*** DATASET CONTENT ***

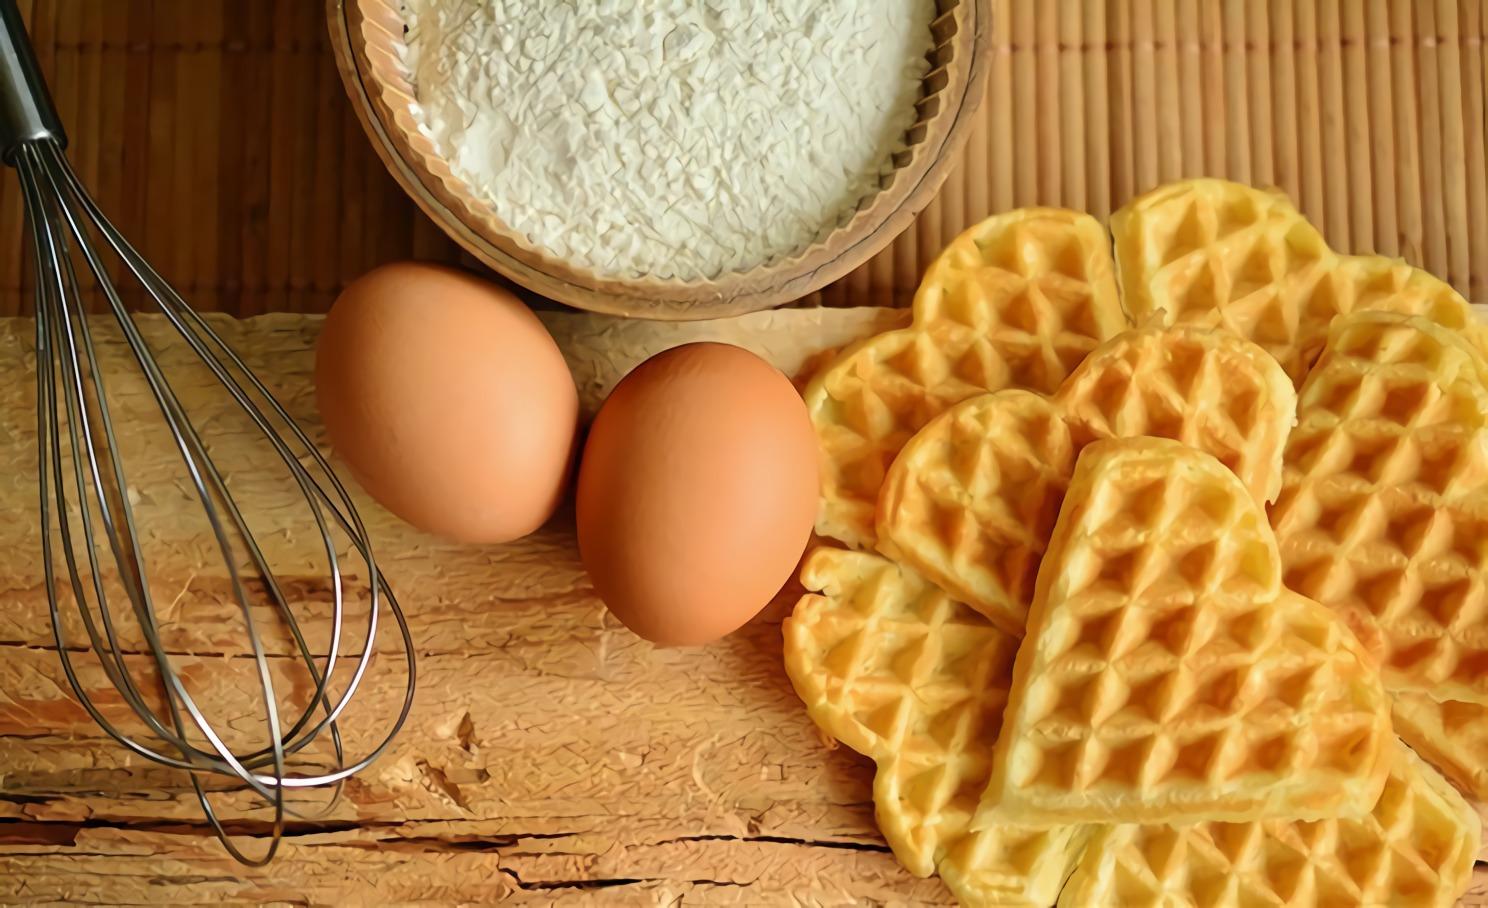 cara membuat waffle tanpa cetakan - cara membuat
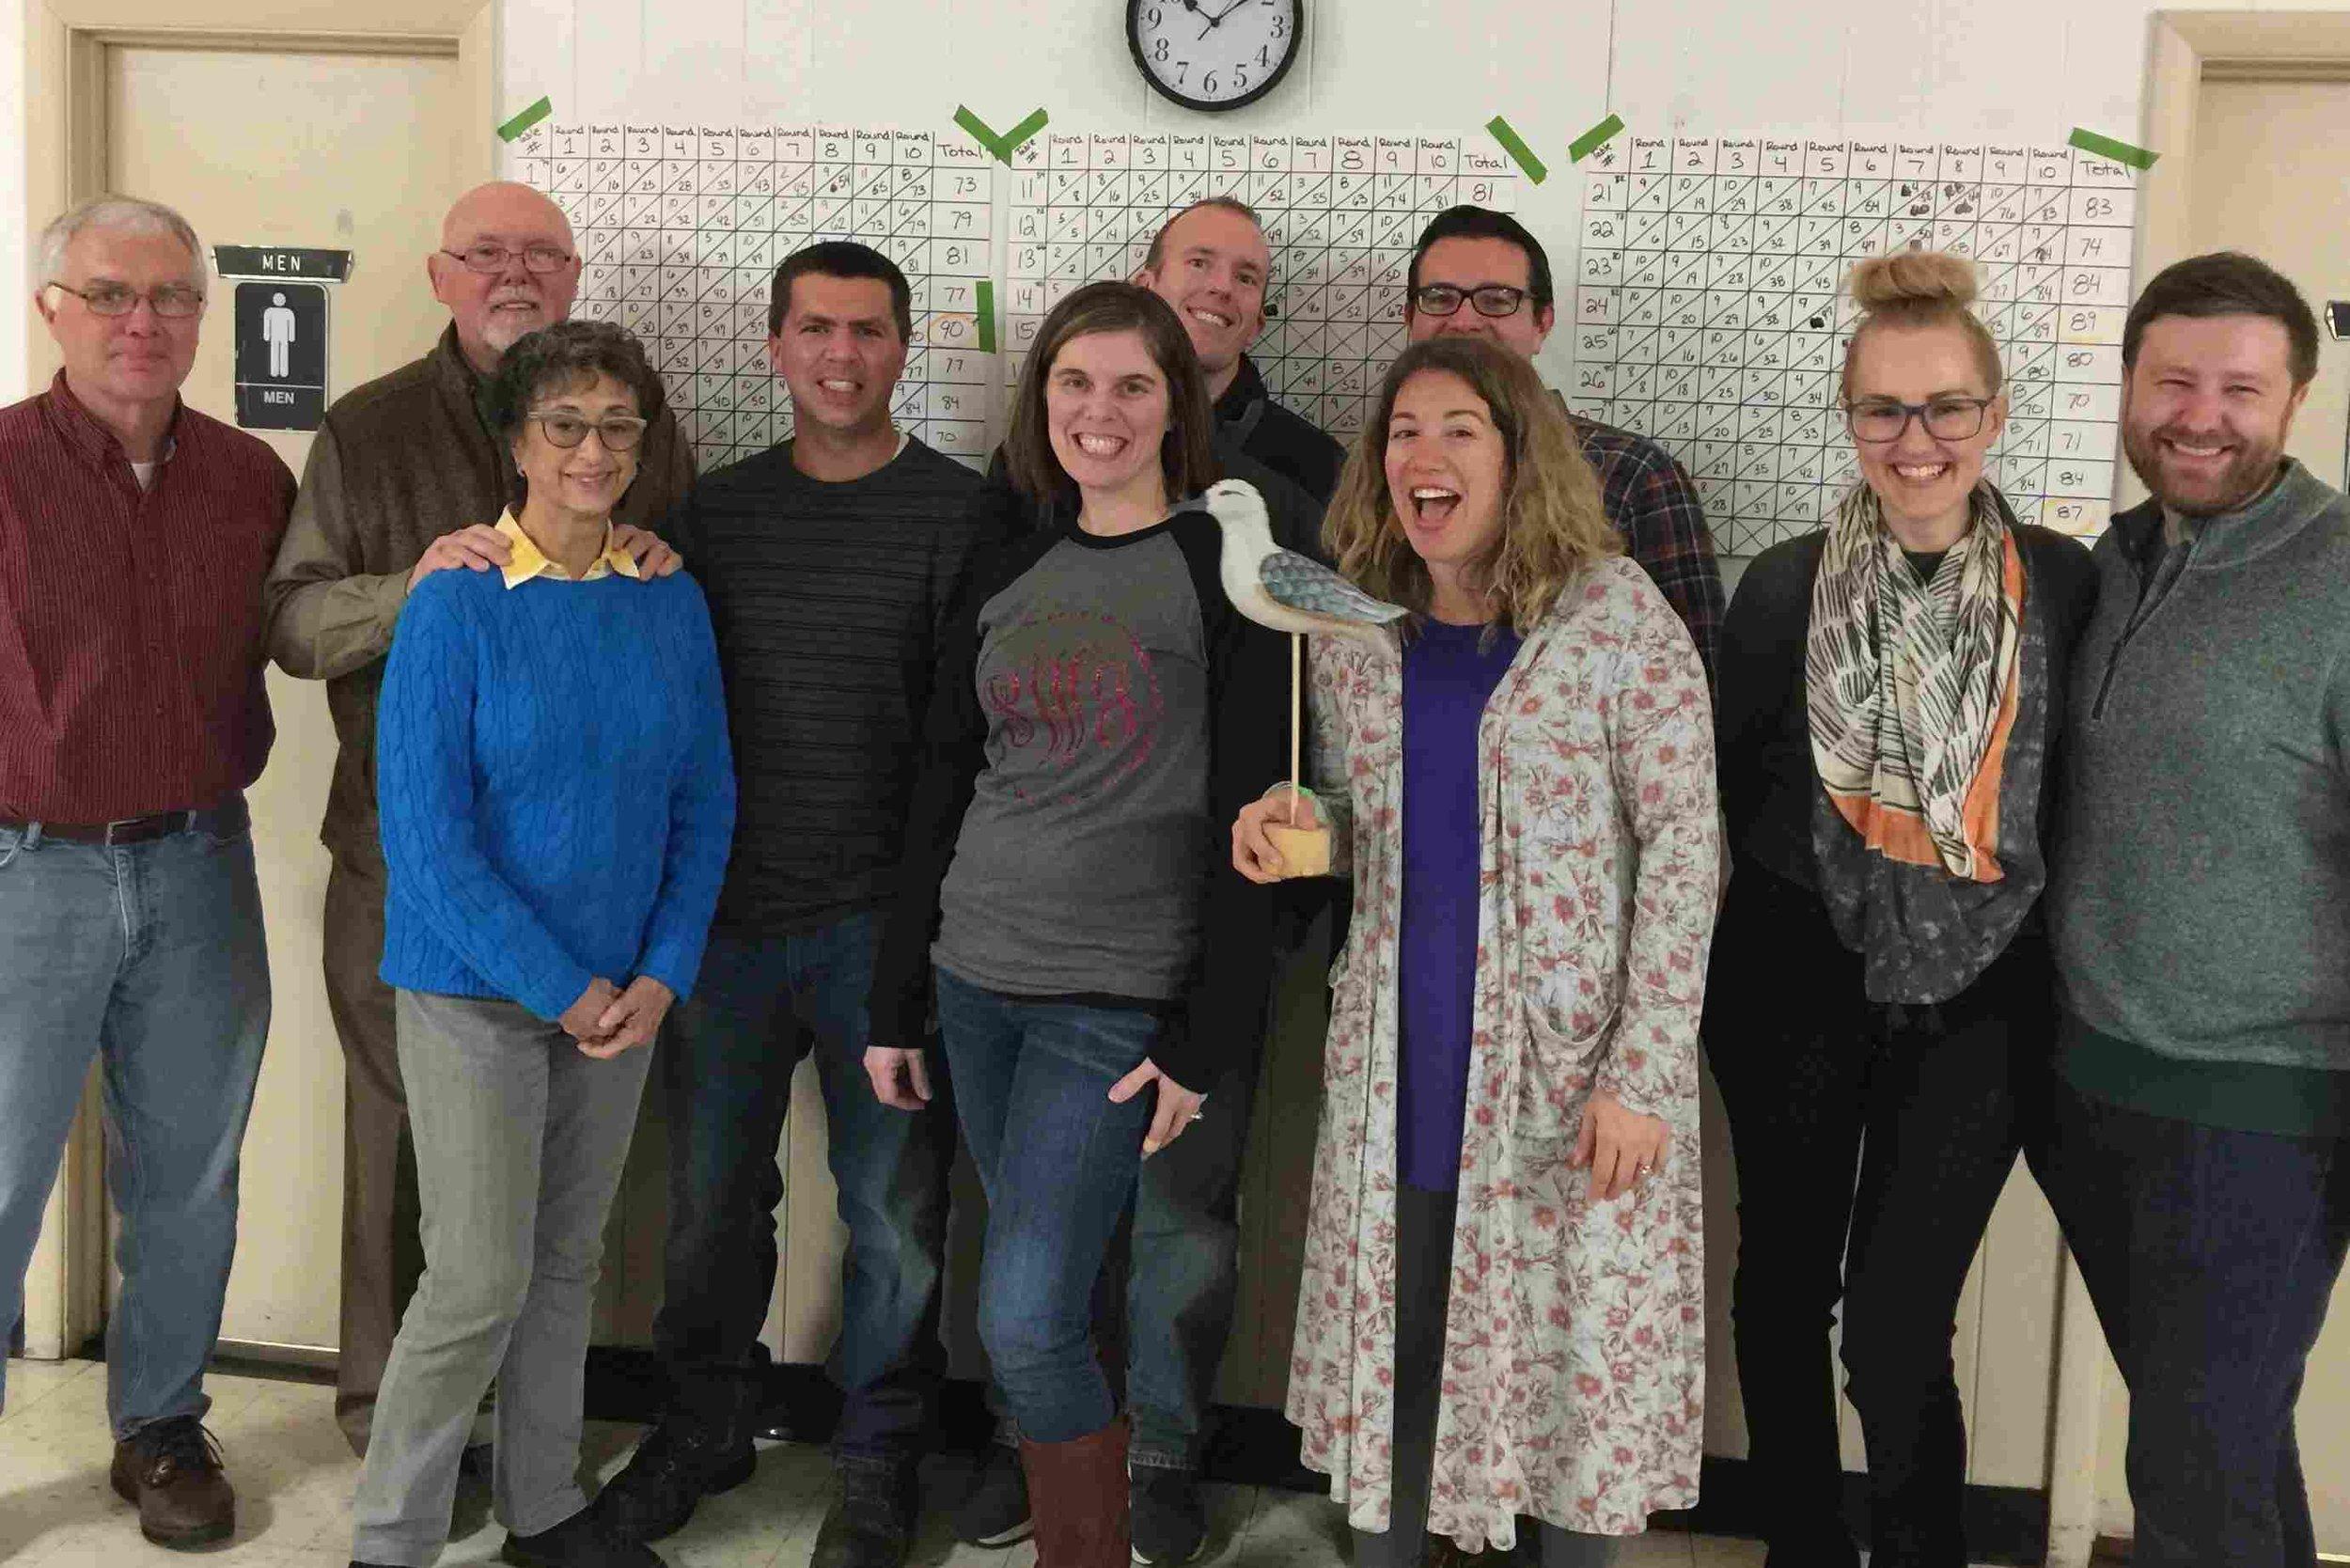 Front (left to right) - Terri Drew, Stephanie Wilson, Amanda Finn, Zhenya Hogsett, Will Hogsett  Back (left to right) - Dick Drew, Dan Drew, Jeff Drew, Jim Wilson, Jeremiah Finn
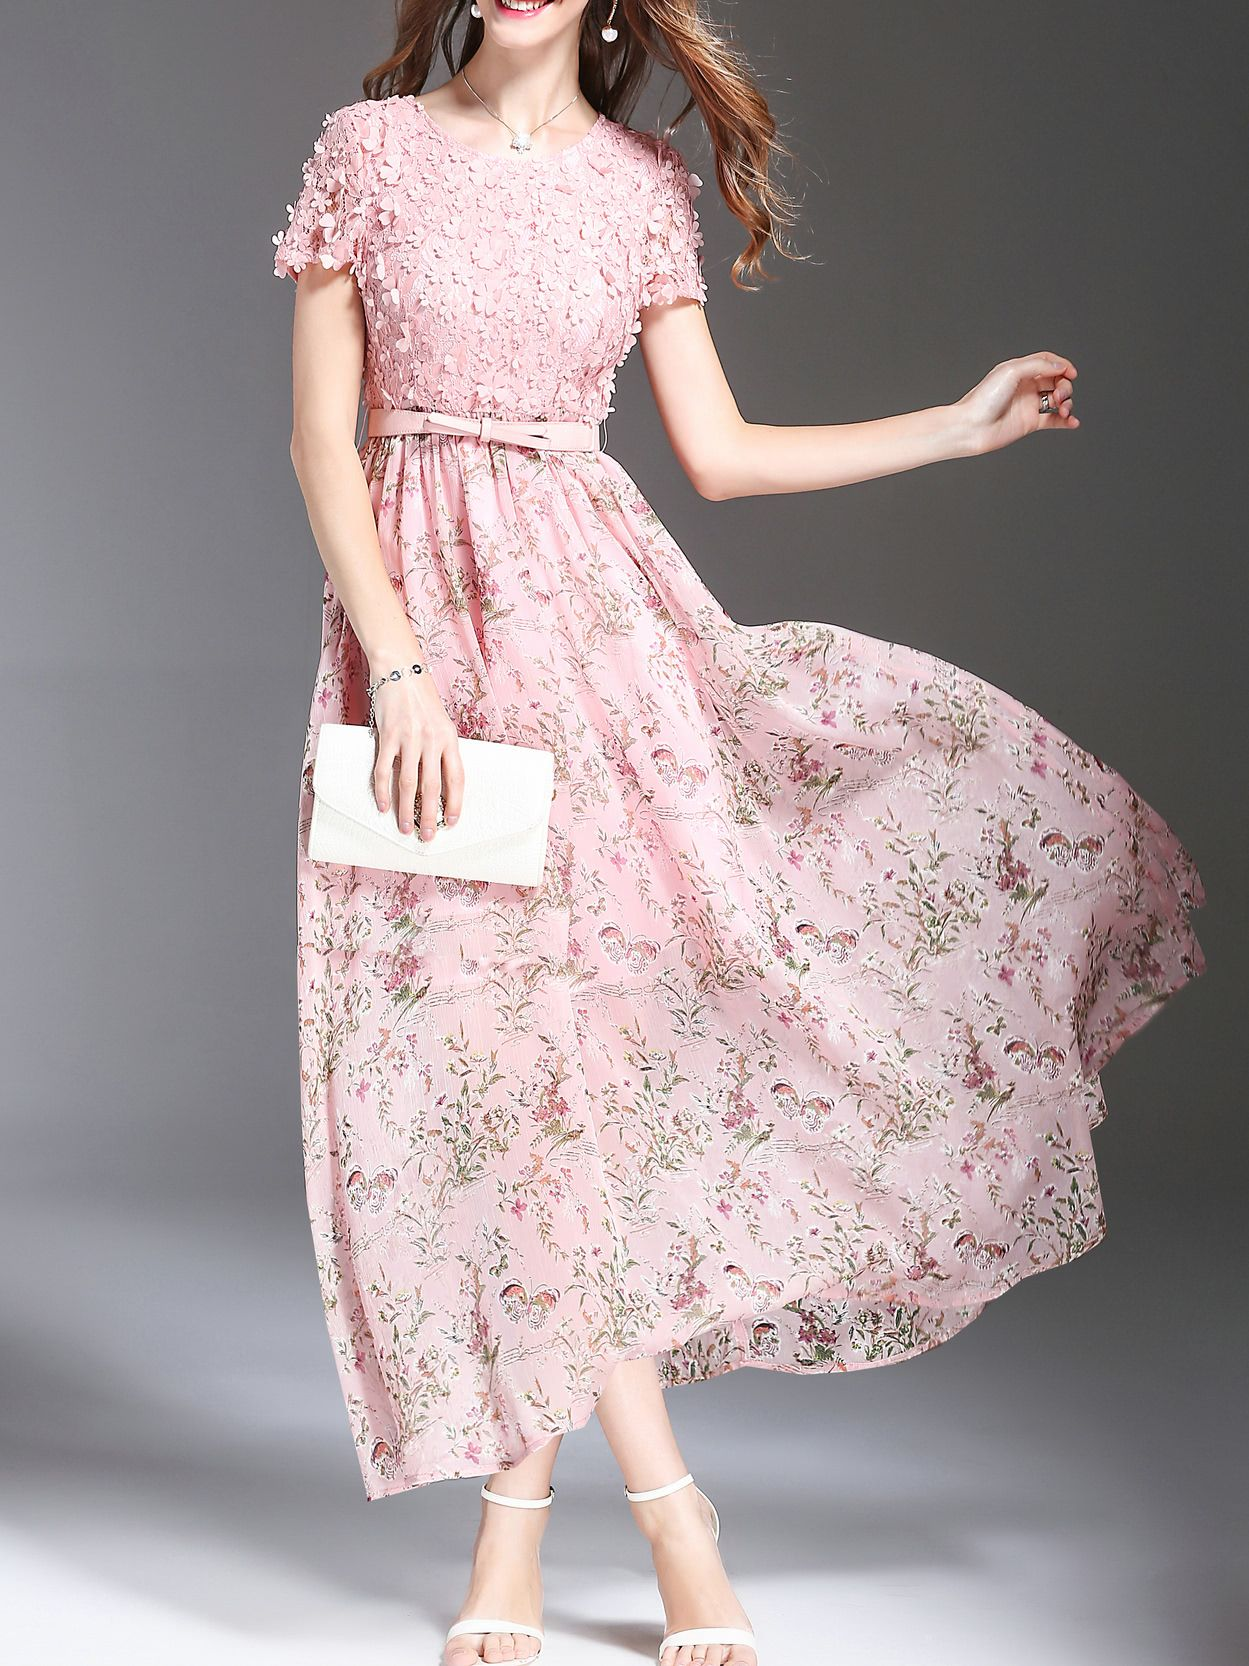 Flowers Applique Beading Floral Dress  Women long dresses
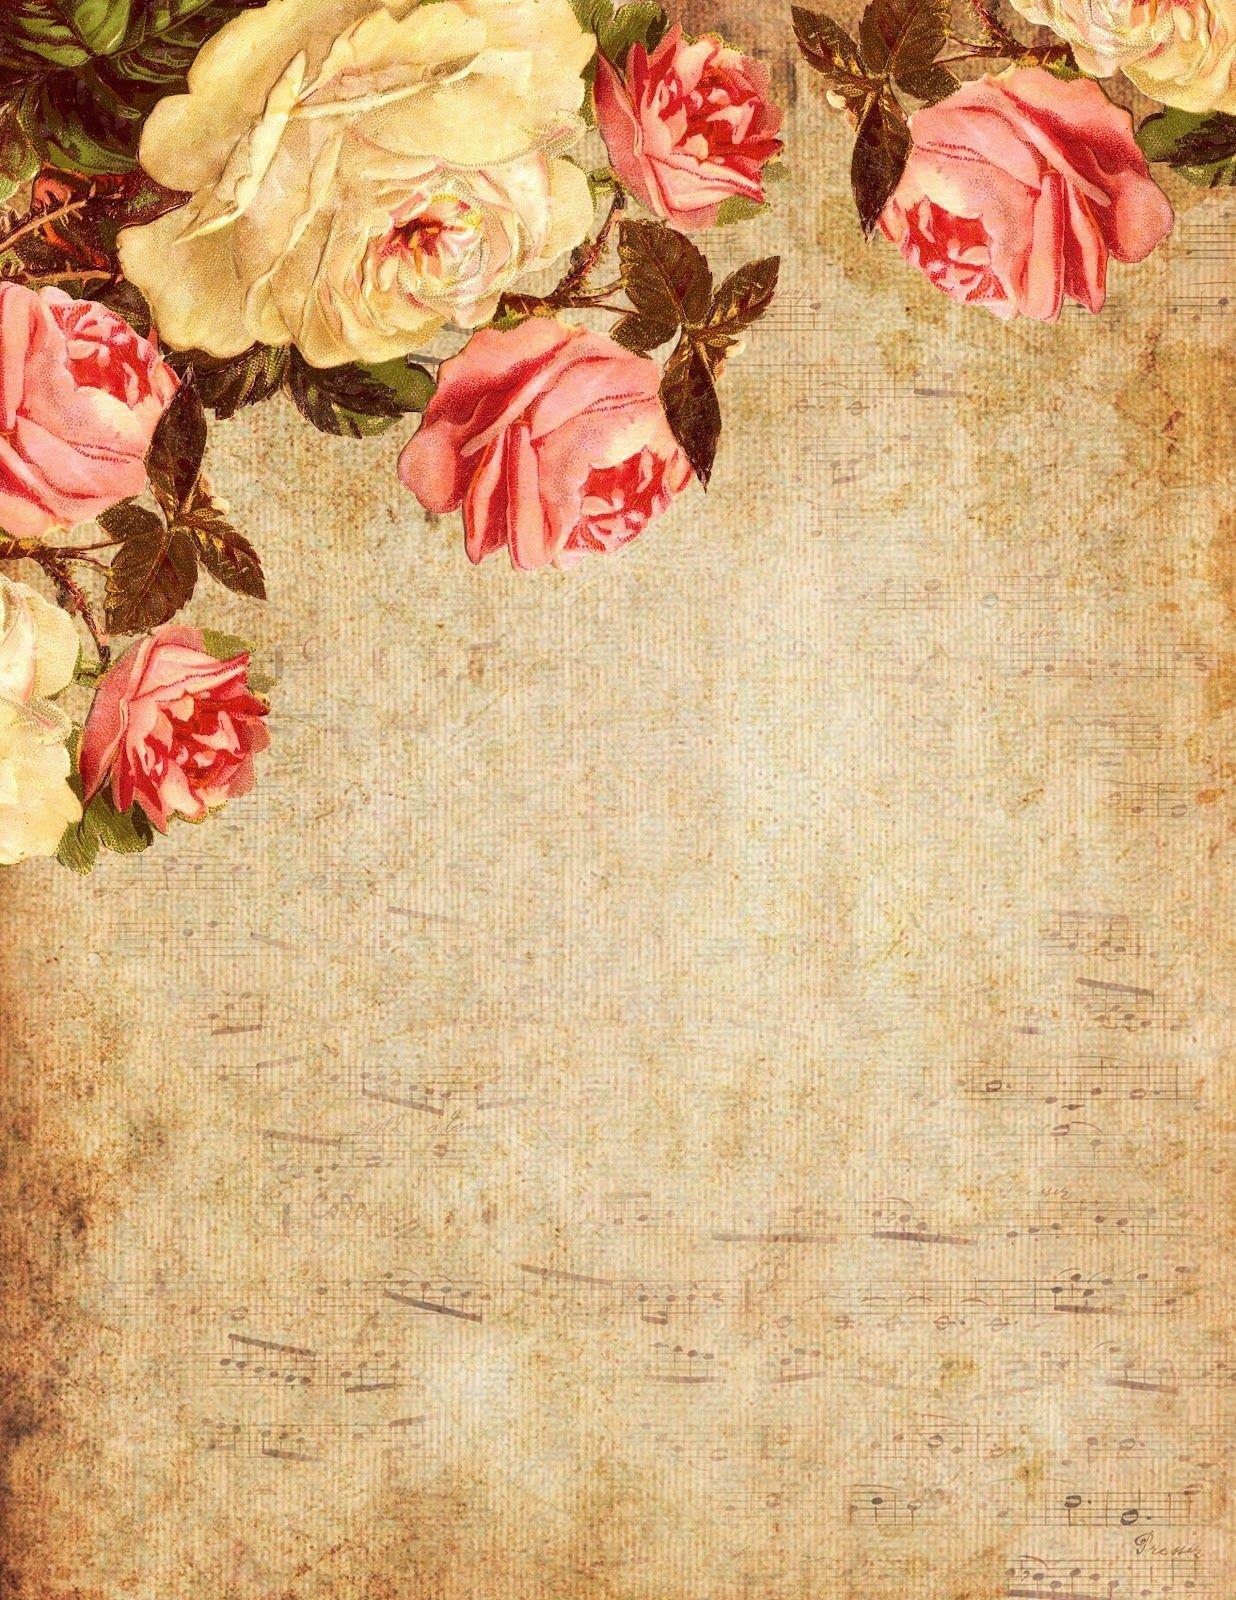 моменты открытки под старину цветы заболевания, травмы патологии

*** End of DATASET CONTENT ***

TRY IT:
Every line from the one containing "Flowers Applique Beading" through the last line of the data, both included, is to be repeated exactly; the pictures are to be left out.

OUTPUT FOR THIS TASK:
 Flowers Applique Beading Floral Dress  Women long dresses
 моменты открытки под старину цветы заболевания, травмы патологии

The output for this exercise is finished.